Labor, Learning
 
 
 
Brain Drain

The passage of the 1965 immigration act by the U.S. Congress triggered the “third wave”, the largest number of Filipino immigration to this country. The act abolished the discriminatory national origins quota system that had unfairly restricted the entrance of non-Western European immigrants to the U.S. since 1924.
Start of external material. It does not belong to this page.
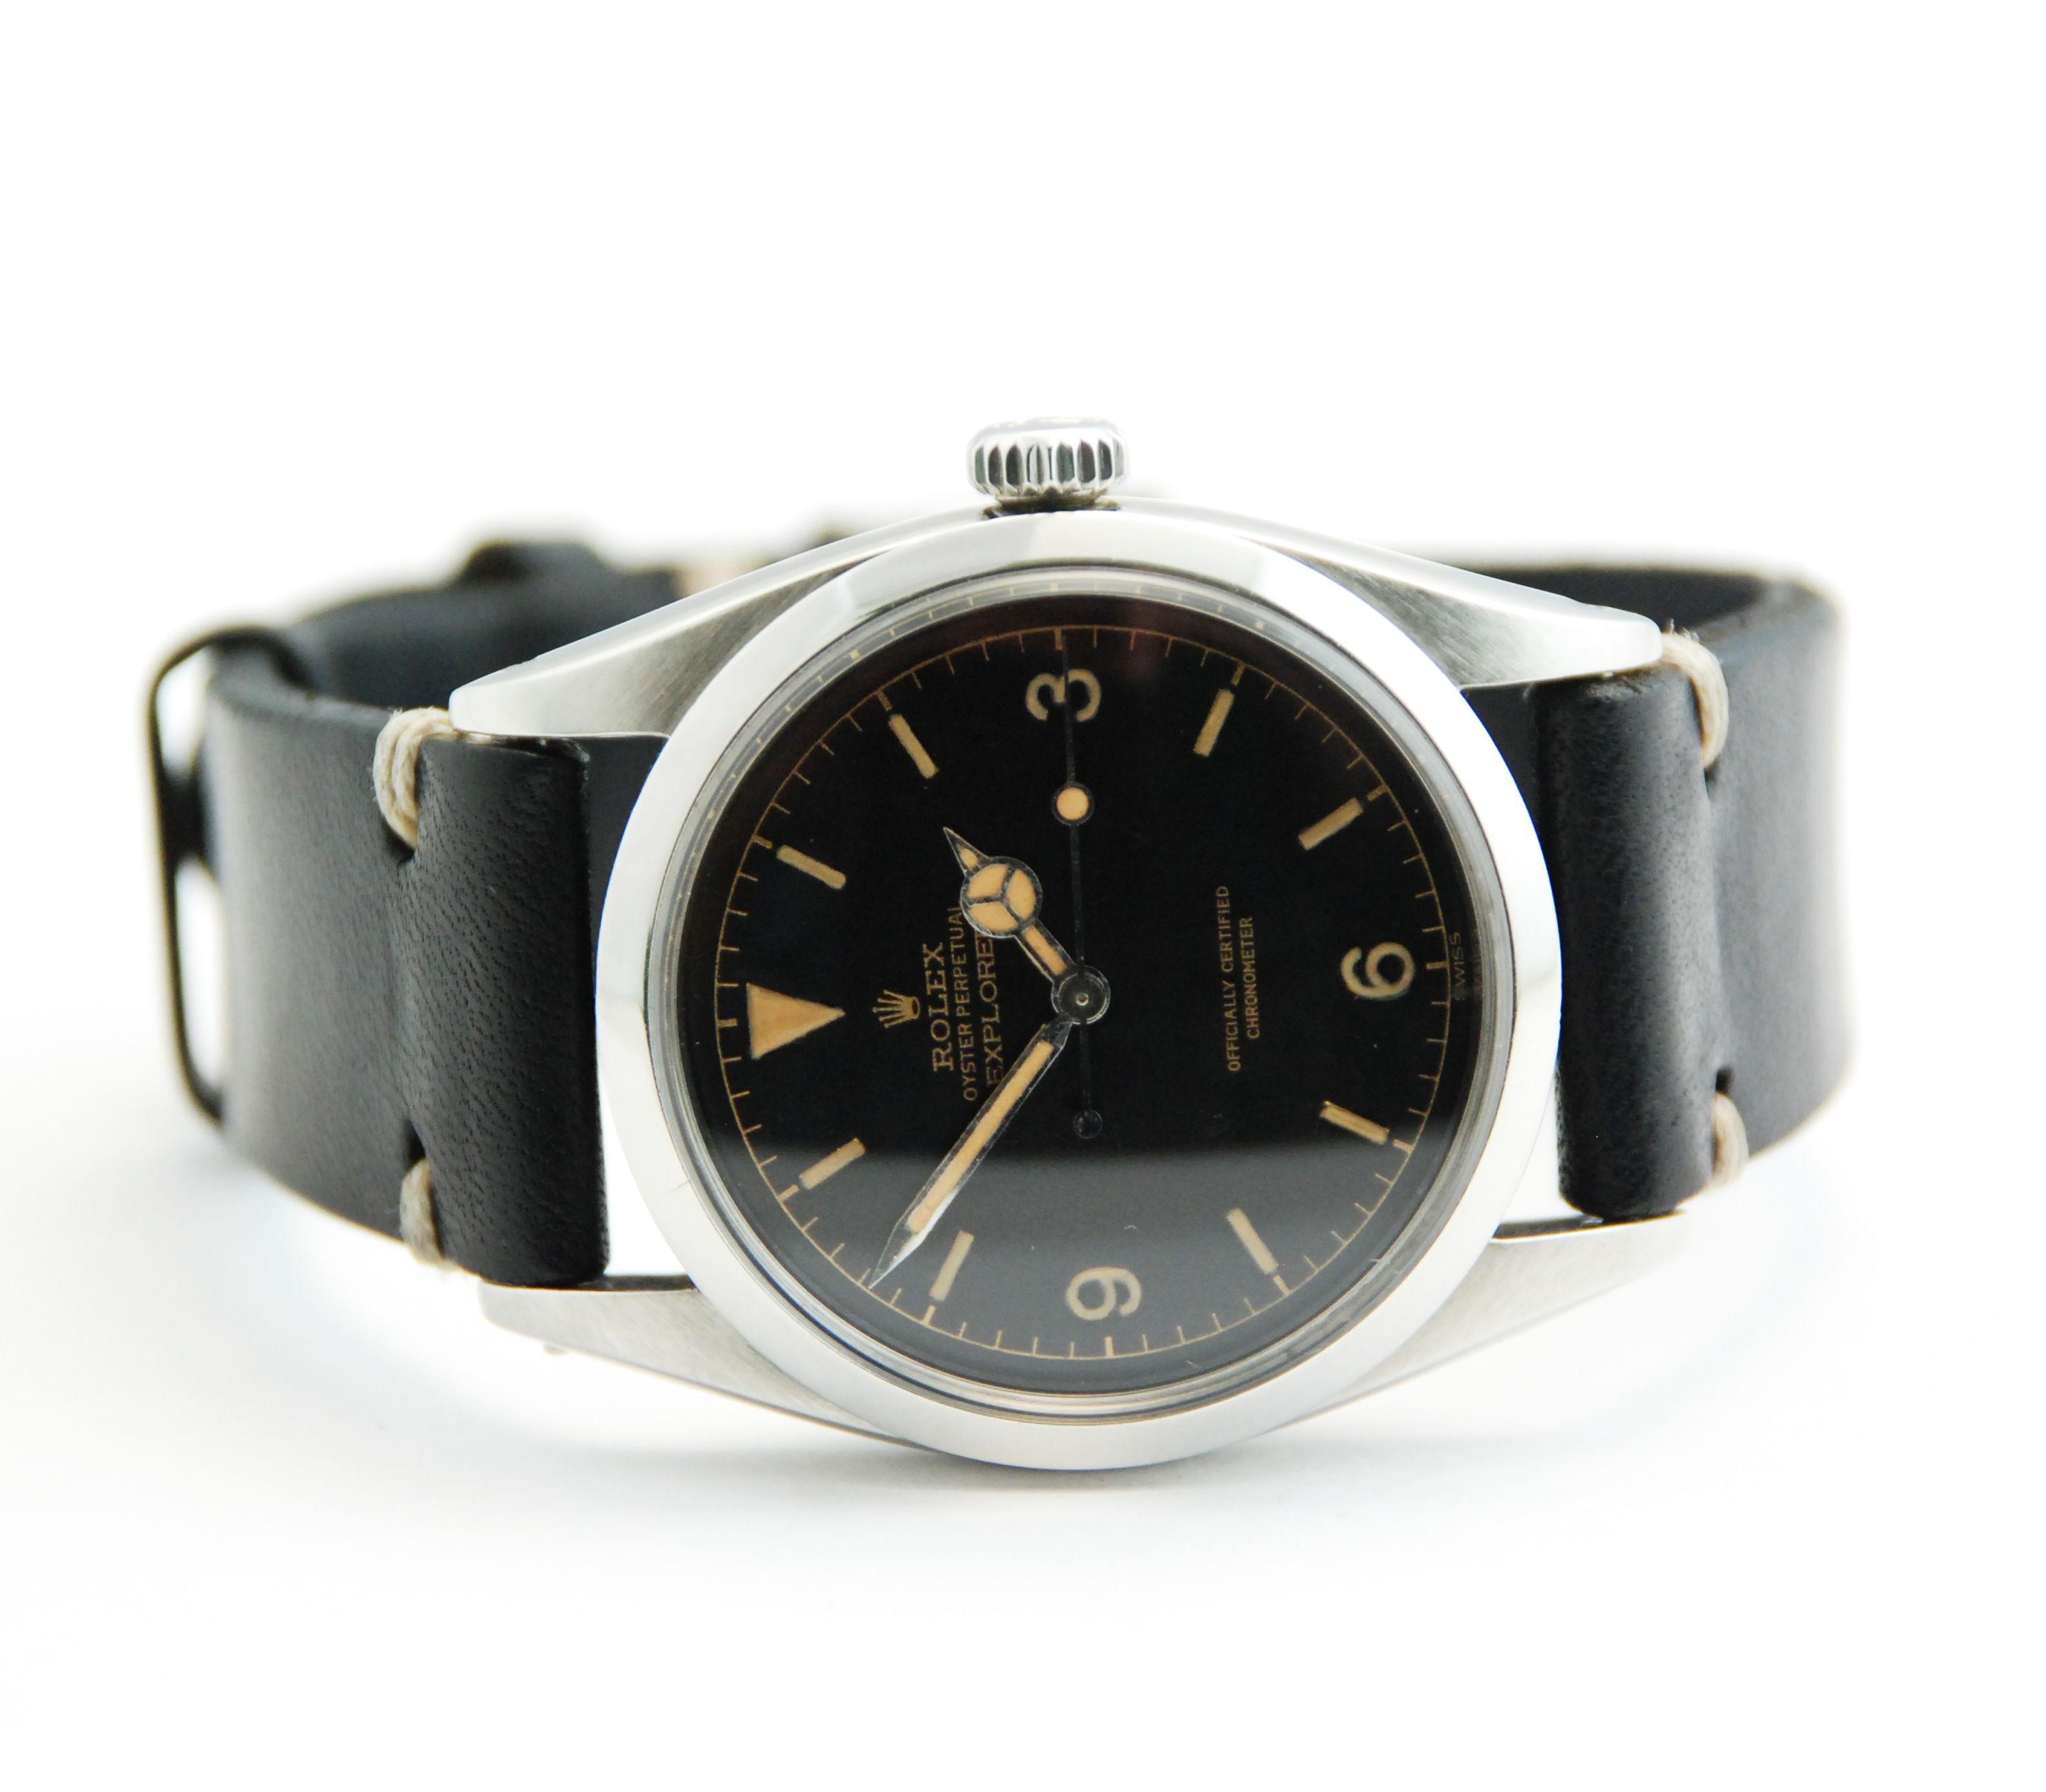 Rolex Explorer Stainless Steel Vintage w/ Black Leather

The Philippines thus experienced a "brain drain" phenomenon with the migration of highly skilled physicians, teachers, seamen, mechanics, engineers, and others from the country.  In the 1980s, the exodus of those in the medical profession continued although mid-level professionals like nurses, medical technicians as well as paramedics increasingly dominated the flows.  In the 1990s, advances in information technology triggered new waves of skilled labor migration consisting of engineers, computer programmers, designers and allied skills workers. The primary reason Filipino workers leave their country is that the Philippines is not able to absorb their skills into their own local economy. 

Florian A. Alburo & Danilo I. Abella, "Skilled Labour Migration from Developing Countries: Study on the Philippines," International Migration Papers, #51, International Migration Programme, International Labour Office, Geneva, 2002; and Dean T. Alegado, "The Political Economy of International Labor Migration from the Philippines," University of Hawaii, 1992.